La speranza è di tornare a una vita ‘normale’ ma anche nella città dell’Ucraina occidentale l’angoscia per la guerra avanza dopo che i missili russi hanno colpito appena a 20 chilometri dal confine con la Polonia. “Molti italiani”, ha detto all’AGI, “sono partiti ma noi per ora aspettiamo. Non siamo degli incoscienti. La priorità è la sicurezza dei bambini. E’ chiaro che se la situazione dovesse peggiorare siamo pronti a lasciare il Paese ma la verità è che in Italia non abbiamo niente. Poi i miei genitori sono anziani, hanno 73 e 79 anni, e stravolgere ancora le loro vite non so quanto possa influire sulla salute”.

David, insieme alla moglie ucraina, lavorava a Roma in una cooperativa attiva nell’assistenza di persone disabili. Poi la decisione di trasferirsi a Leopoli e di far arrivare anche gli anziani genitori. L’inizio di una nuova vita. L’Italia, dunque, fino allo scoppio della guerra è sempre stata un capitolo chiuso. Tuttavia, ora a Leopoli le valigie sono sempre pronte perché il futuro è incerto.

“E’ una decisione difficile. Aspettiamo ma fino a quando?
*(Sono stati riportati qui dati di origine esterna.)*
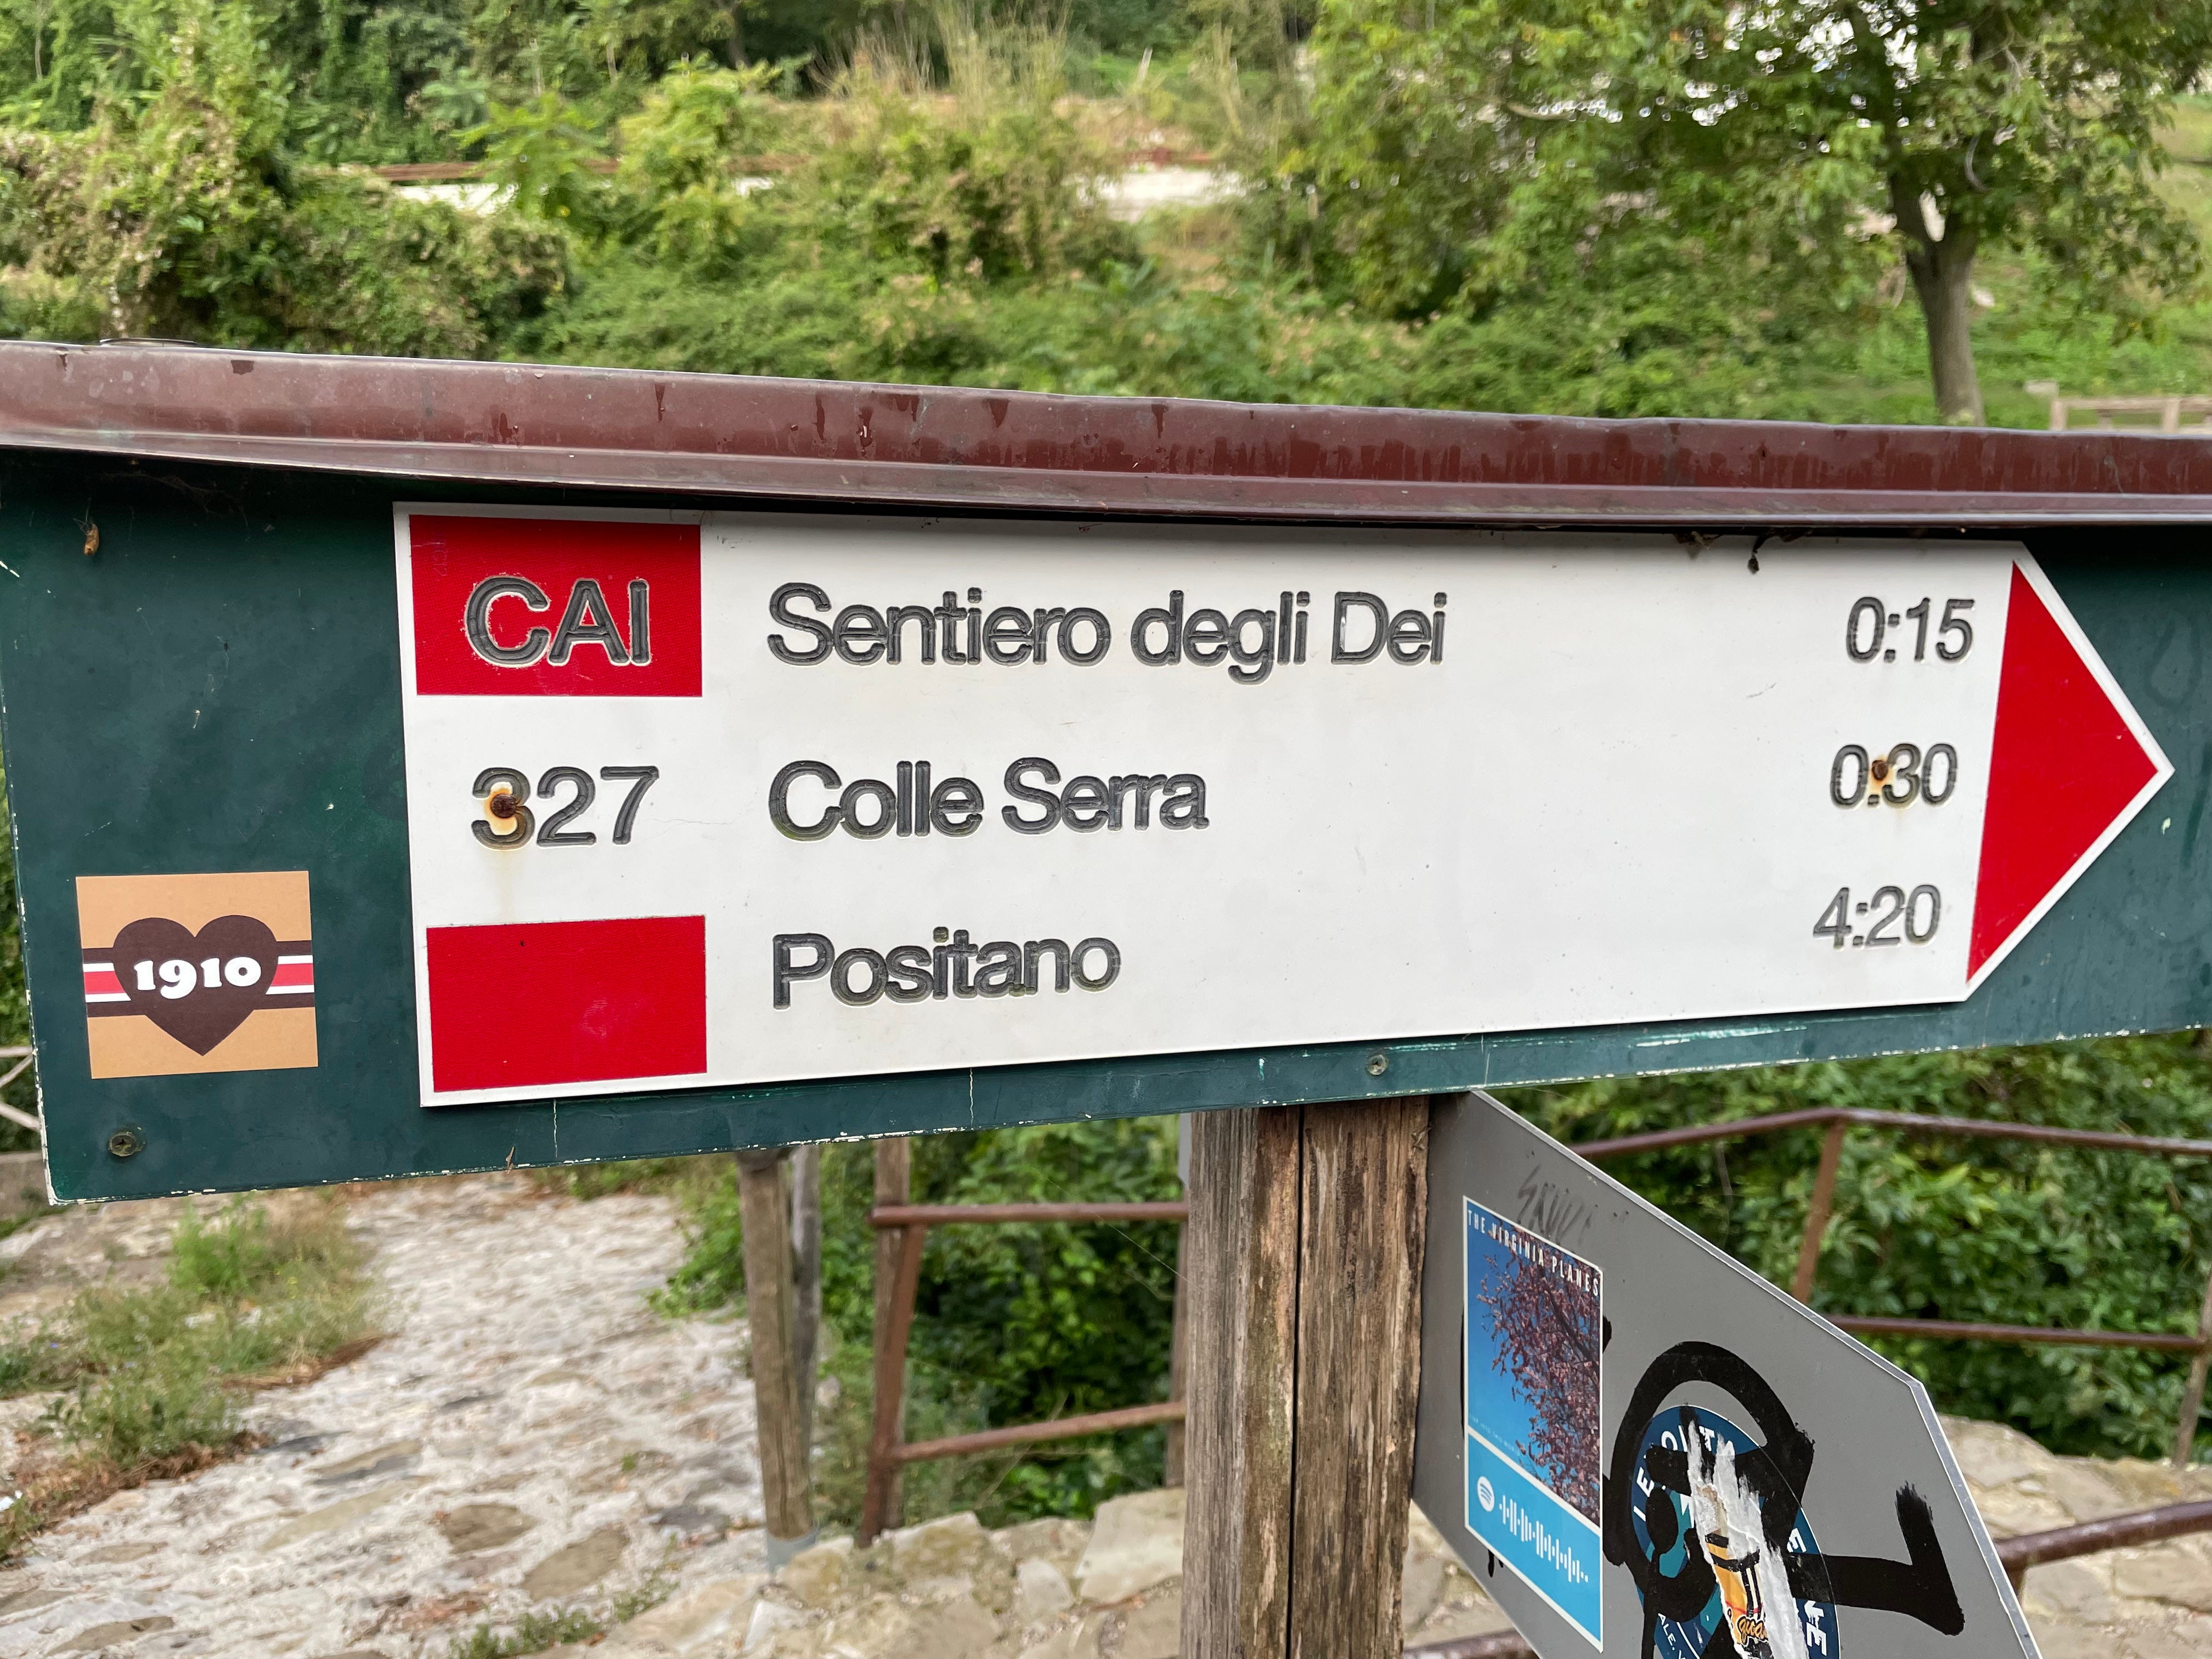 Ein Schild mit Wegbeschreibungen zum Sentiero degli Dei, Colle Serra und Positano.

Razionalmente – racconta David all’AGI – qui dovremmo stare più tranquilli rispetto ad altri luoghi dell’Ucraina. Ma Putin è imprevedibile. Potremmo risvegliarci con la città bombardata. E’ rischioso anche rimanere qui. I bimbi, soprattutto la più grande di 12 anni, guardano le notizie e hanno paura”. Dubbi e interrogativi tra sirene di guerra e una vita che scorre in una calma apparente: orto, passeggiate nella natura.

“Cerchiamo di distrarci”, spiega David, “io con le mie lezioni online di italiano. Poi a volte prepariamo del cibo da mandare all’esercito ucraino. L’ambasciata italiana ci ha detto che ogni giorno partono due autobus per l’Italia. All’inizio – spiega il 47enne – ci potrebbero ospitare i salesiani. Ma dopo il primo periodo è tutto un punto di domanda. Qui almeno abbiamo i nostri lavori, la nostra casa, la nostra vita”.
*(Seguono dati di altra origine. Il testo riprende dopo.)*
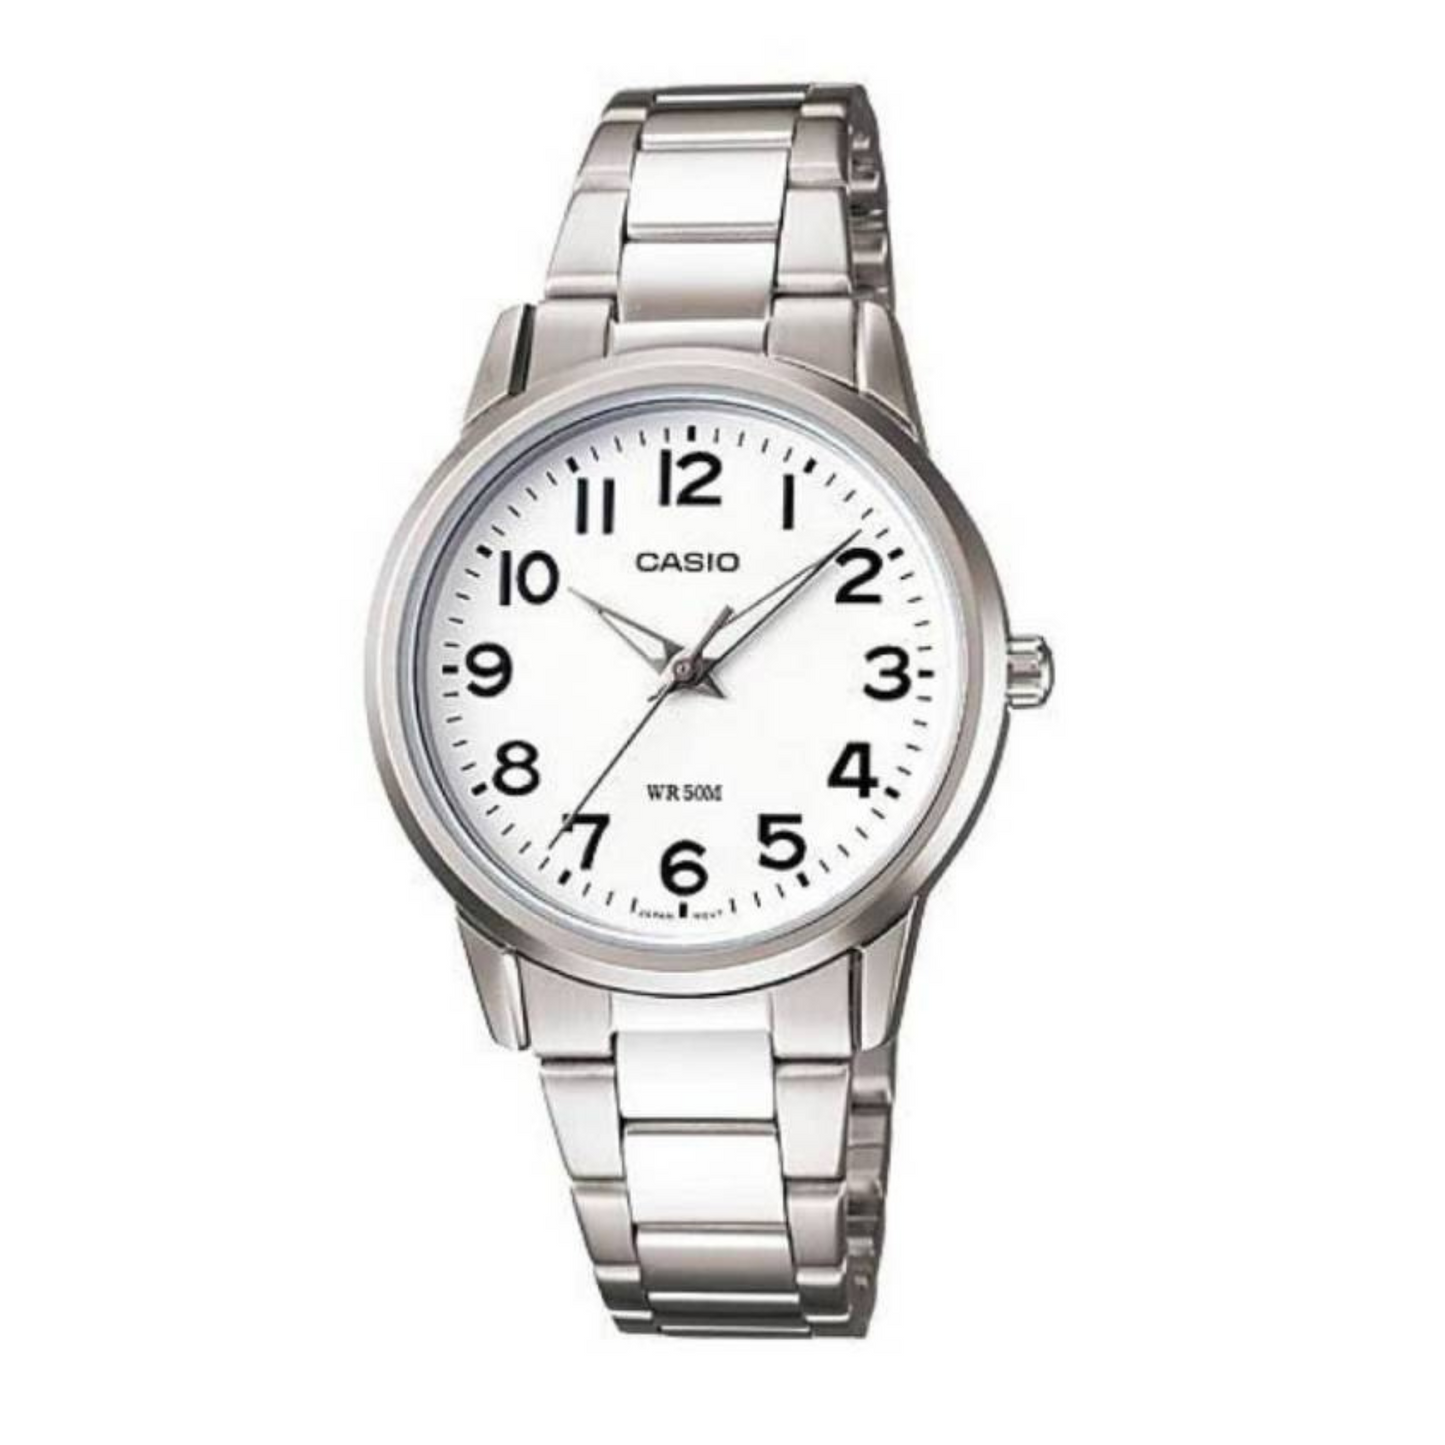 Reloj Casio mujer Modelo LTP-1303D-7BV

A ostacolare una immediata partenza per l’Italia ci sono anche lacci burocratici. “Io ho il passaporto scaduto e per qualche motivo in ambasciata non riescono a rinnovarlo subito. Mi darebbero solo un permesso temporaneo che scade dopo 7 giorni ma che non si può rinnovare. Cerchiamo di vivere normalmente – conclude l’insegnante – ma siamo spaventati”.